El dire intenta reponerse, pero demasiado tarde: el nabab sale por el pasillo y se mete en el ascensor. Con la mano, le pide a su pelotillero que no le acompañe. Las puertas correderas se cierran y la caja se lo lleva hacia abajo. Durante unos largos segundos, el dire parece destrozado, con las manos en la cabeza y las mandíbulas en tensión. Farfulla un rosario de imprecaciones y se vuelve hacia mí. La nariz se le junta de sopetón con las cejas en un berrido de animal herido:

– ¡Lo que acabas de hacer no tiene nombre!

¿A quién se lo cuenta? Y eso que he intentado conservar la calma.

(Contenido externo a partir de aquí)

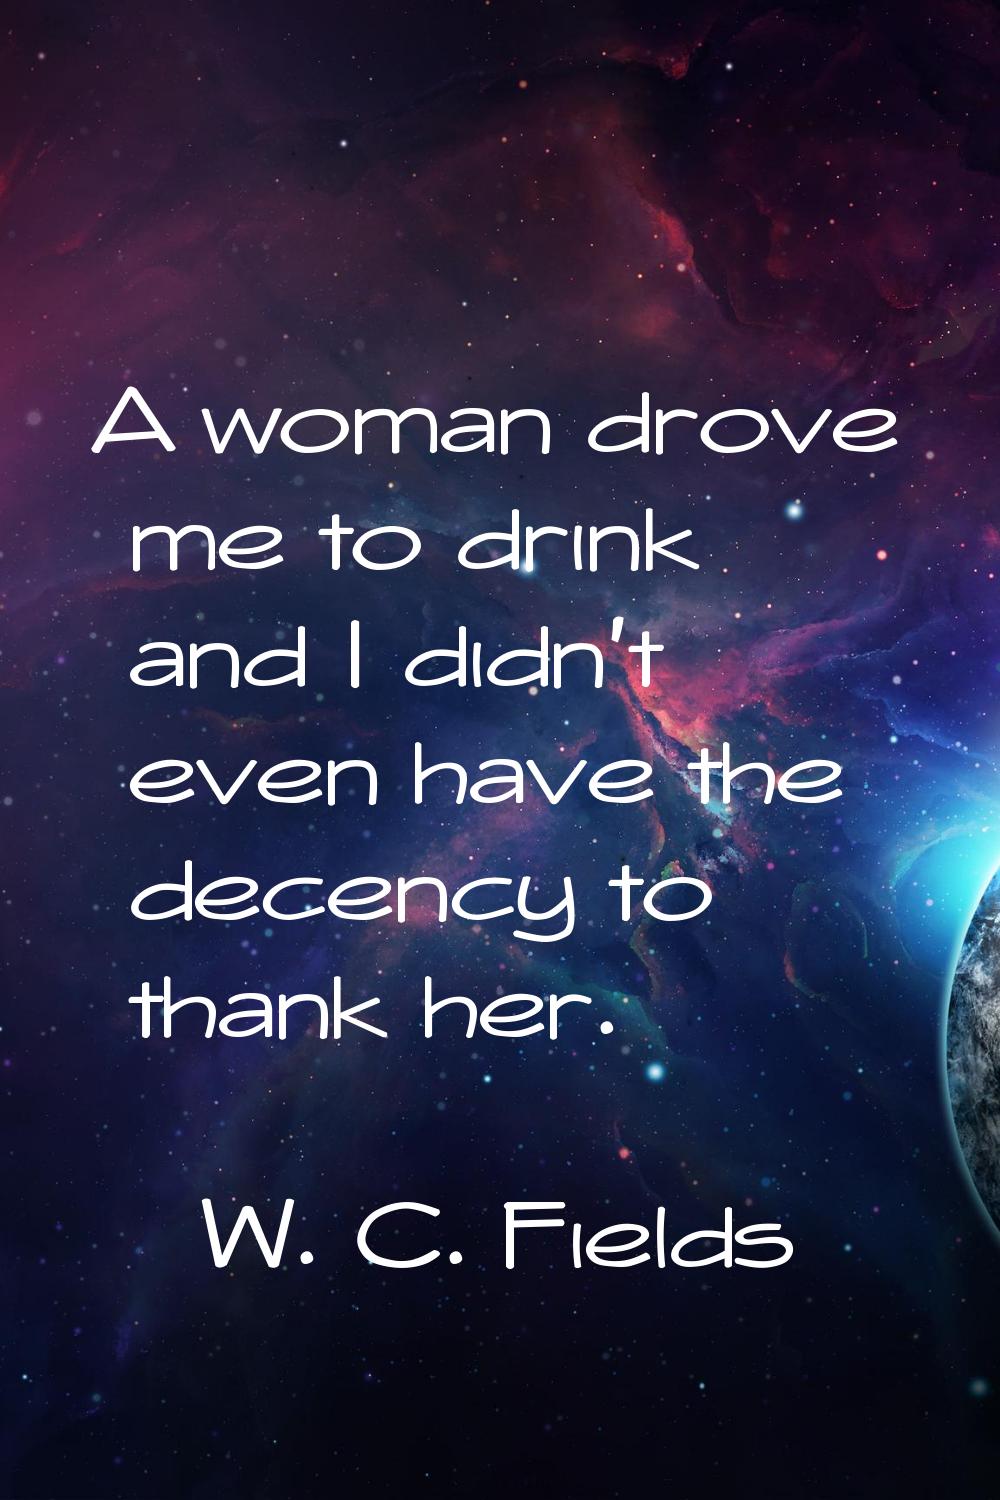 A woman drove me to drink and I didn't even have the decency to thank her.

Deglute para disciplinar su jadeo, se vuelve hacia mí y me murmura, en un tono que, sílaba a sílaba, se va convirtiendo en atroz aullido:

– Debí desconfiar de mis santos y abstenerme de incluirte en nuestra charla… Sabía que estabas pagado de ti mismo, pero ignoraba que fueras el rey de los gilipollas. ¿Qué mosca te ha picado, comisario? Tu cretinismo ha sido espantoso… ¡Silencio! No quiero oírte añadir una sola imbecilidad más. Si piensas ponerme a mal con mis amigos, te has equivocado. Mis amigos sí tienen capacidad de discernimiento. ¡Eso de entrada! Segundo: vas a convocar de inmediato a ese majadero de Lino en tu despacho y le vas a tirar de las orejas hasta que se le meta la nariz dentro de la cara. Hace ya un tiempo que vengo oyendo hablar de sus calaveradas. Peor aún: se aprovecha de sus galones de teniente de la policía para pavonearse con sus putas y, consecuentemente, está arrastrando a la institución, a toda la institución, por el barro.